____ Source data

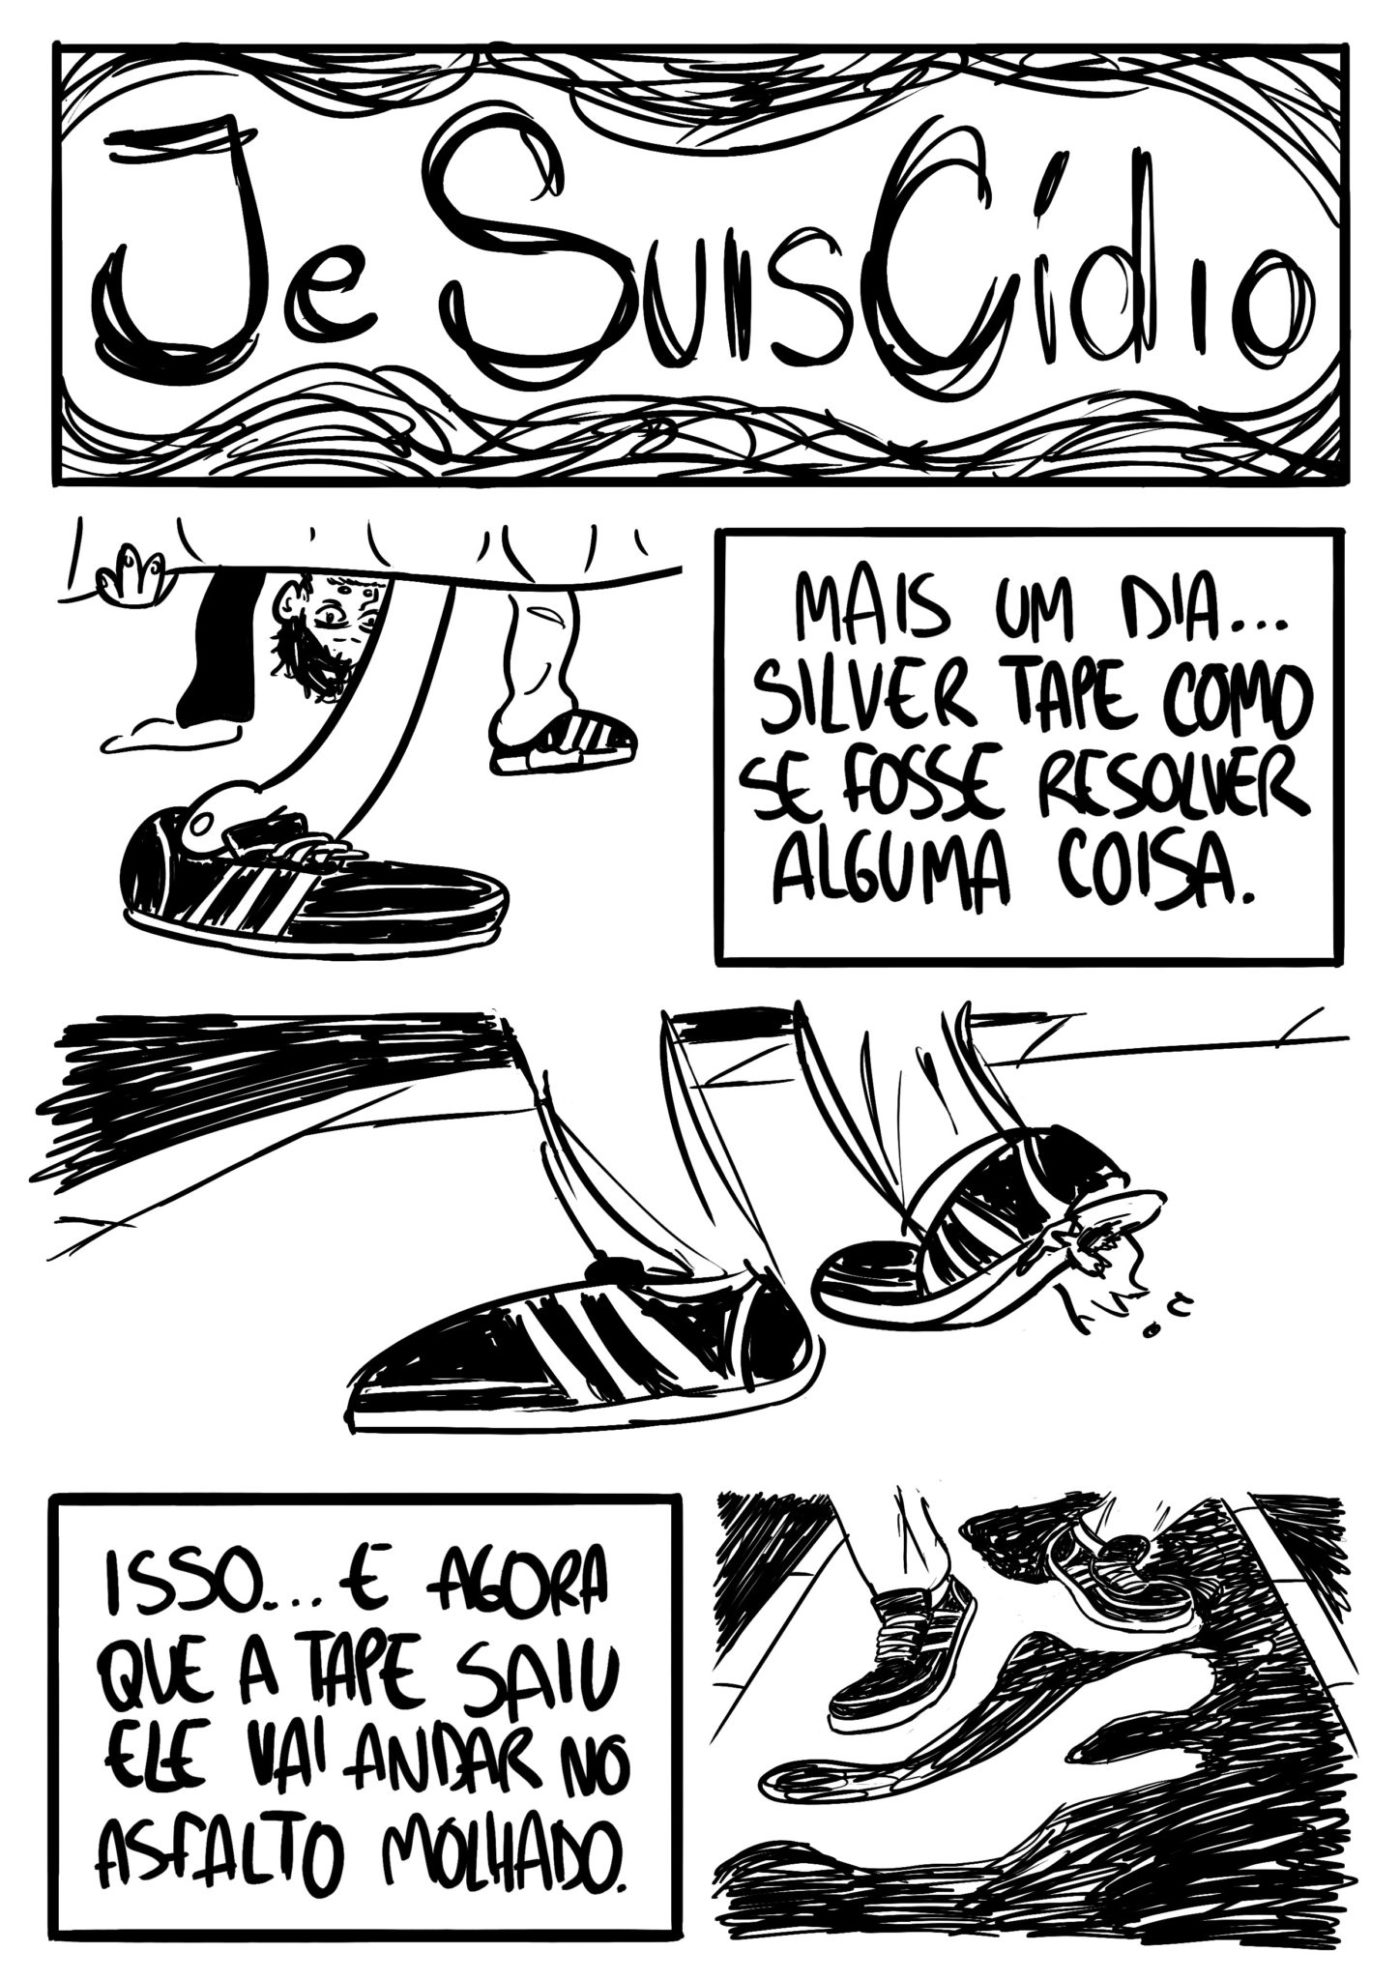 Je Suis Cídio #5, por João B. Godoi
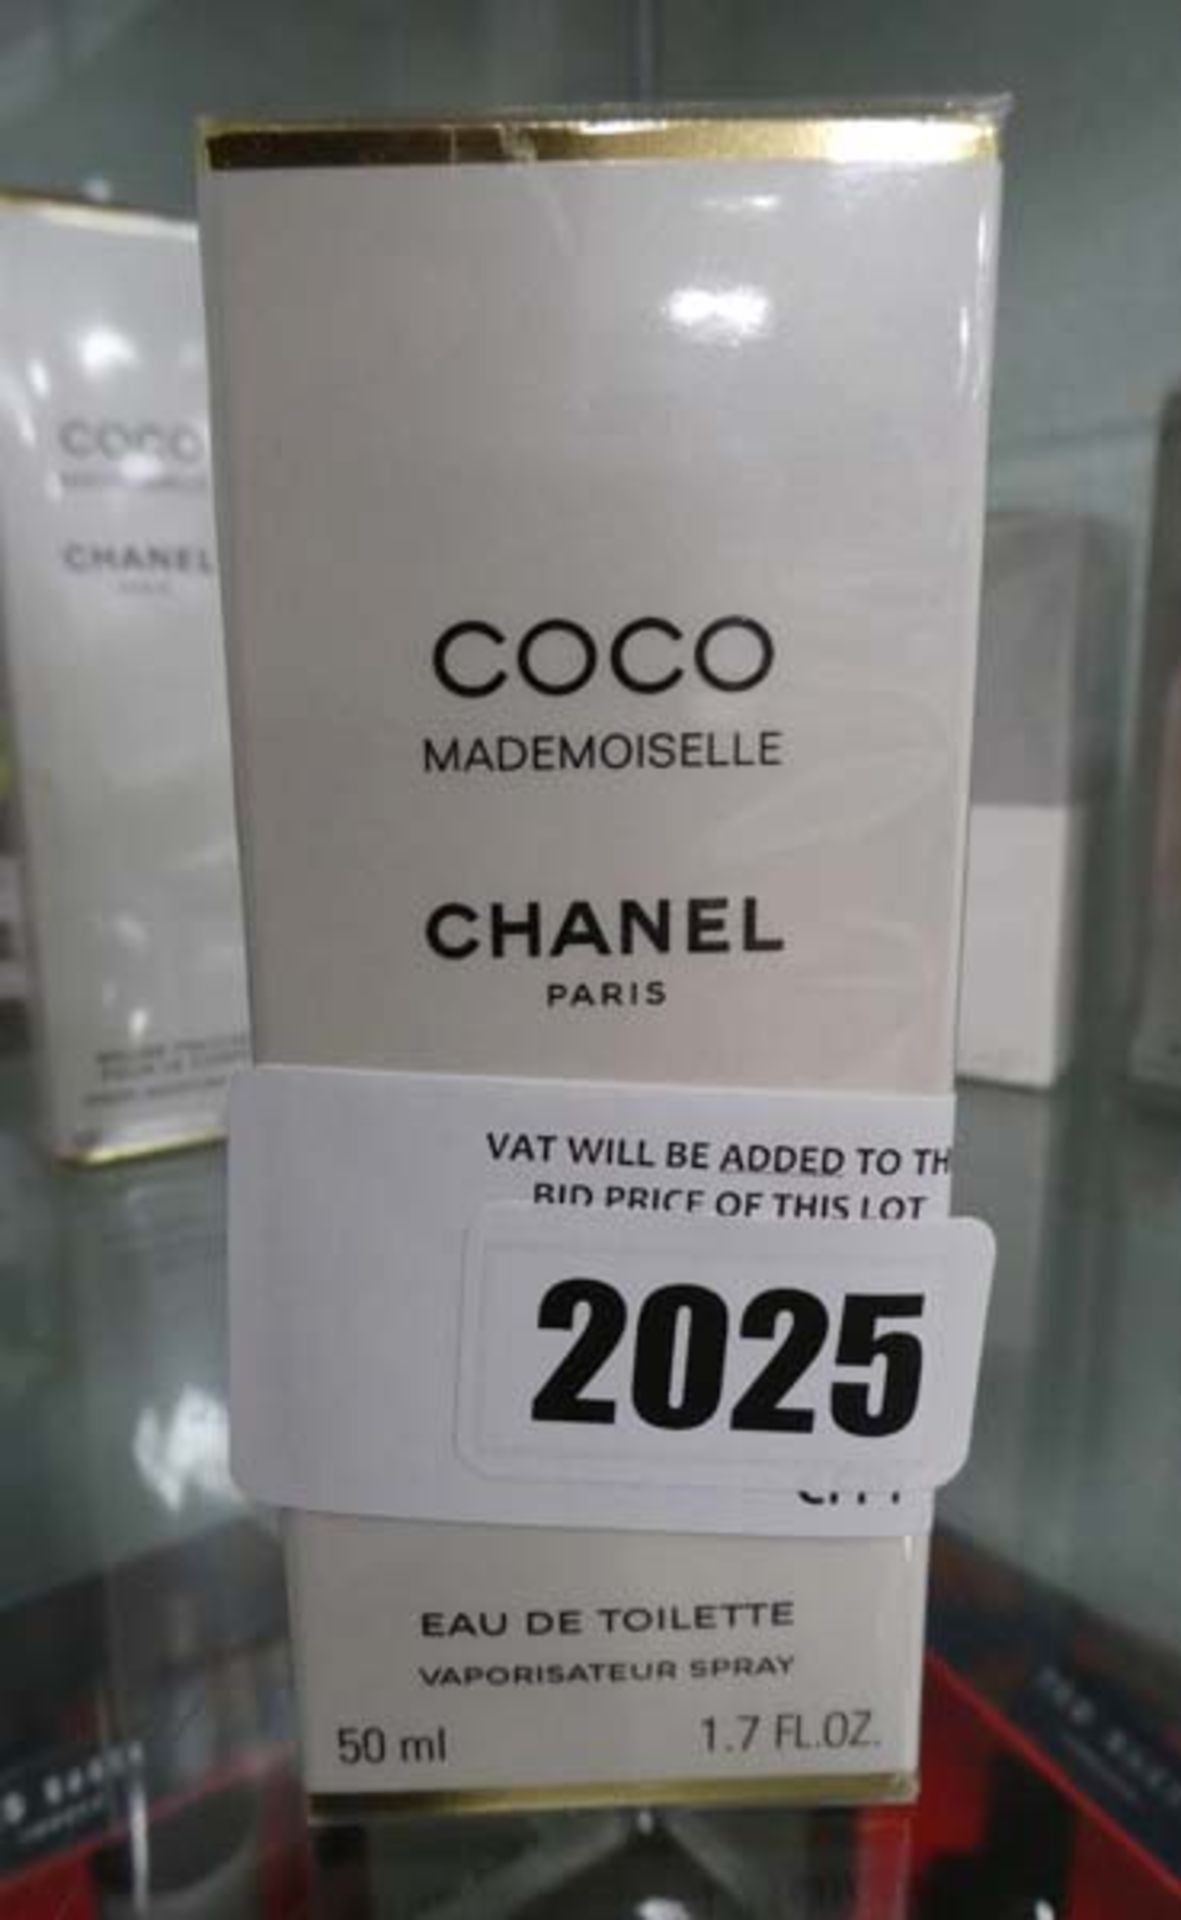 Coco Mademoiselle Chanel Paris 50ml perfume in sealed box
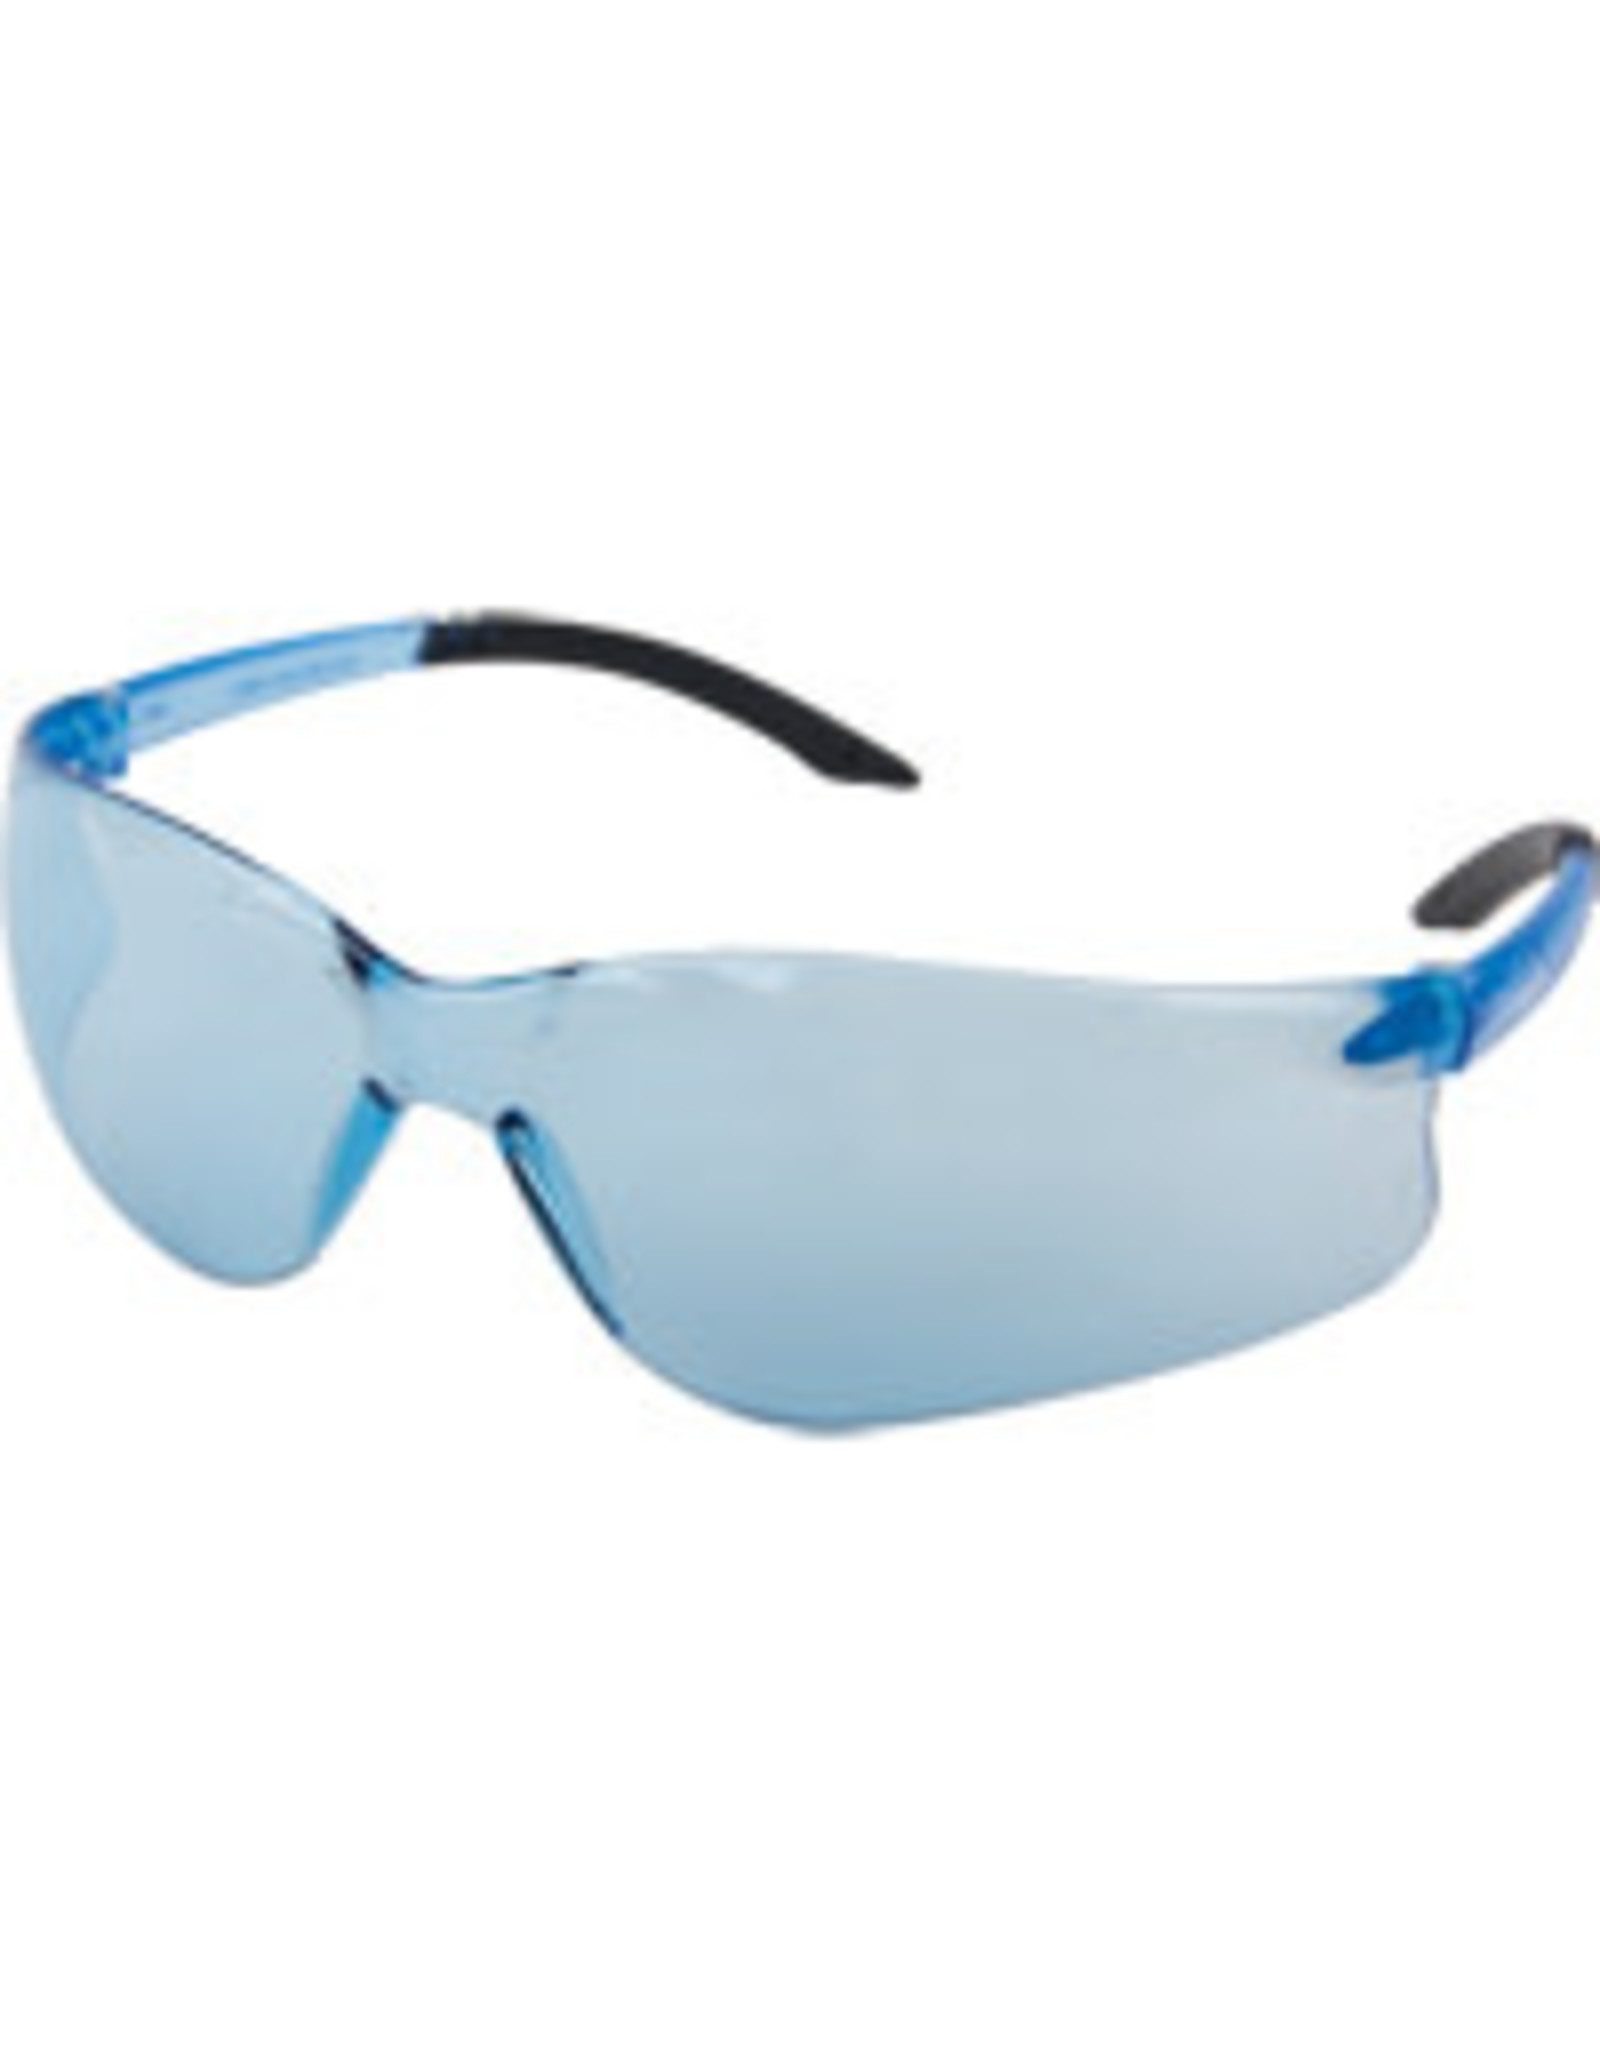 Zenith Z2400 CSA Safety Glasses, Blue Tine

________

◆ **About this exercise**
All of the listing should be transcribed exactly, but none of its images.

◆ **Your solution**
 Je Suis Cídio #5, por João B. Godoi
 Coco Mademoiselle Chanel Paris 50ml perfume in sealed box
 Zenith Z2400 CSA Safety Glasses, Blue Tine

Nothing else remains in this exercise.